How it would feel like to start developing for Android in 2019 - pingec
https://twitter.com/mvirkkunen/status/1176826139404394496
======
shaftway
> I'm going to create a socket connection to our own server instead. It's for
> internal users anyway, so they won't mind the battery drain.

Wait, what?

This is _why_ this is such a hard process. You're doing something that you
shouldn't do, and if apps were allowed to do this (like they were in the
past), then battery drain would happen (like it did) and people would get
angry and mis-attribute the problem (like you pointed out).

It's a _good_ thing that this isn't allowed, and developers like this are why.

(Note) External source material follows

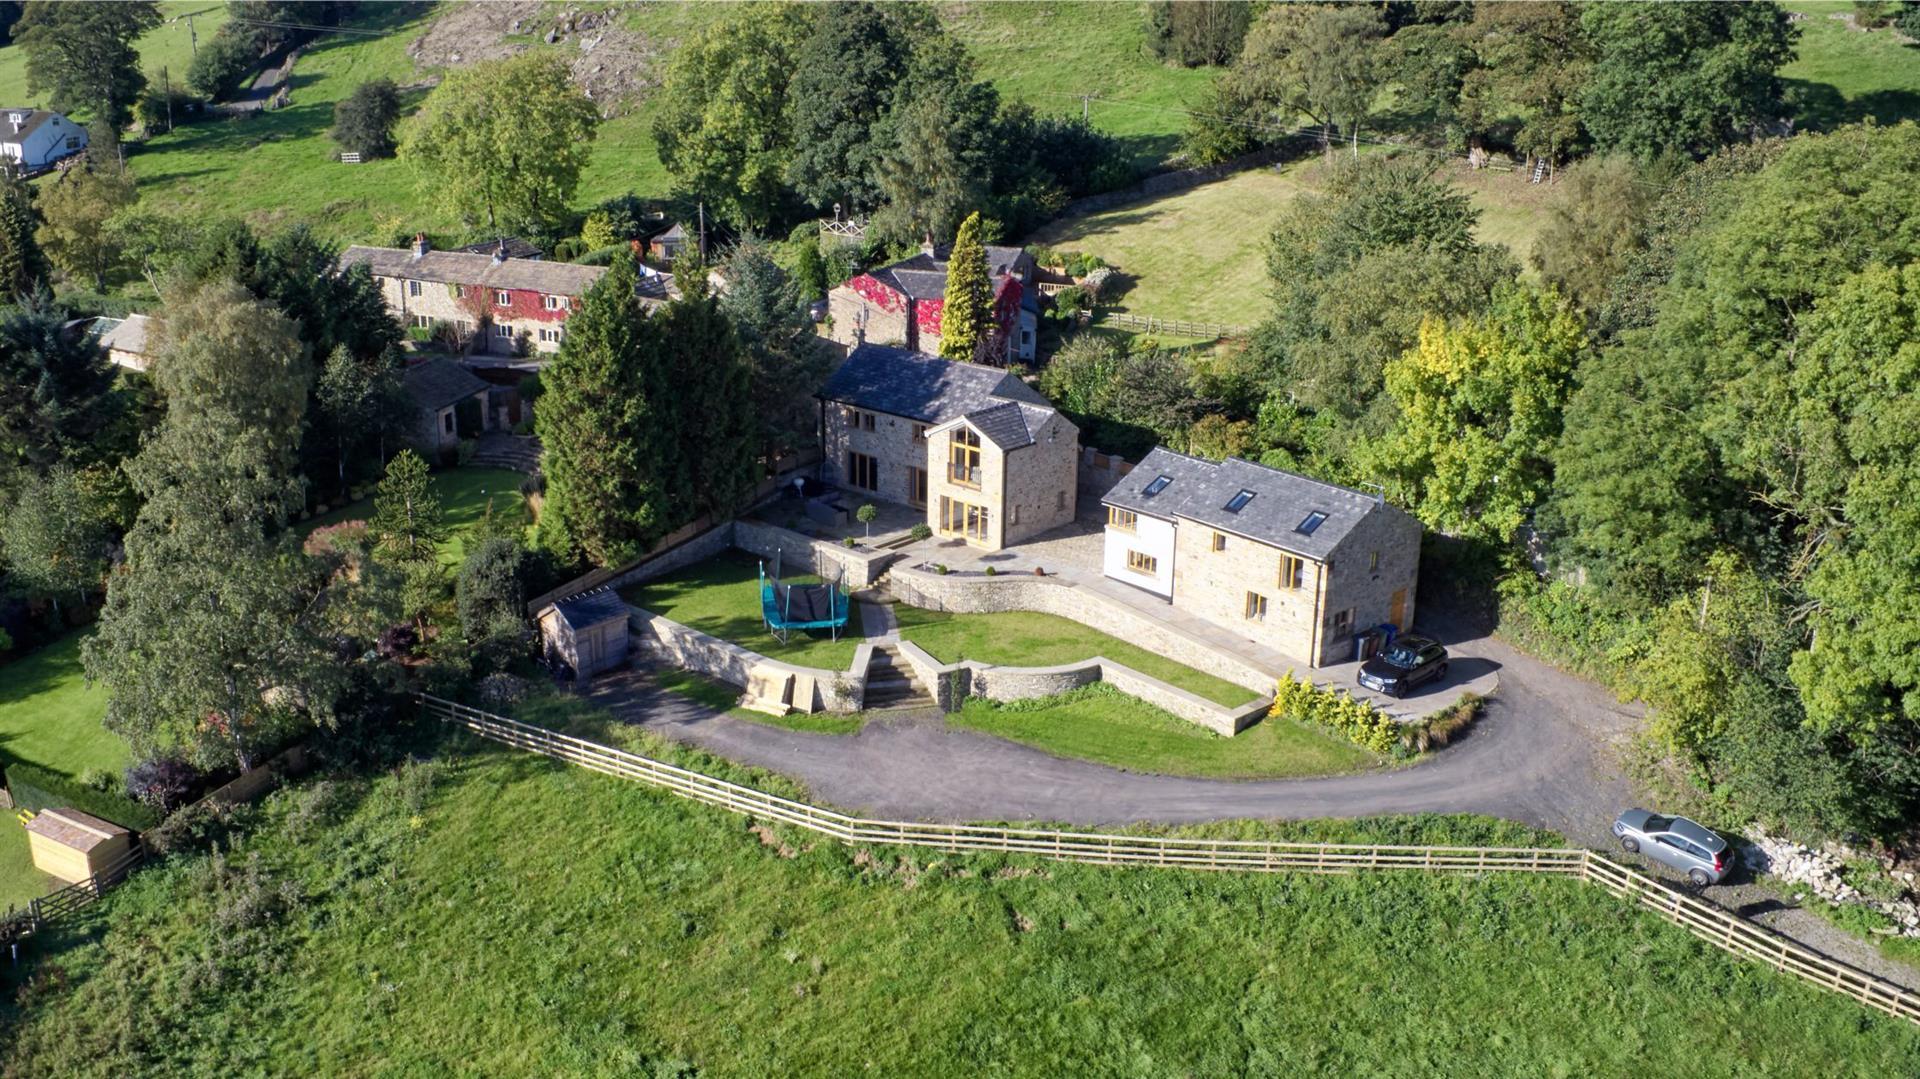 4 Bedroom Detached House For Sale - Farmhouse 1

> Screw this. I'm going to tell my users to just use a laptop instead. At
> least those things work.

This is your real problem, you're trying to apply laptop paradigms to a phone.
A phone != a laptop. Let me know when you get push notifications working while
your laptop is sleeping.

------
stevewodil
At some point it becomes easier to send an email or text instead of a push
notification, if ultimately that was the problem to begin with and it's an app
for internal use only supposedly

------
mrlambchop
Satire or not, I spent all day debugging very similar FCM issues, but under
React Native. What looks like rate limiting can also be attributable to a
wonky application lifecycle integration between RN/Android. What times we live
in!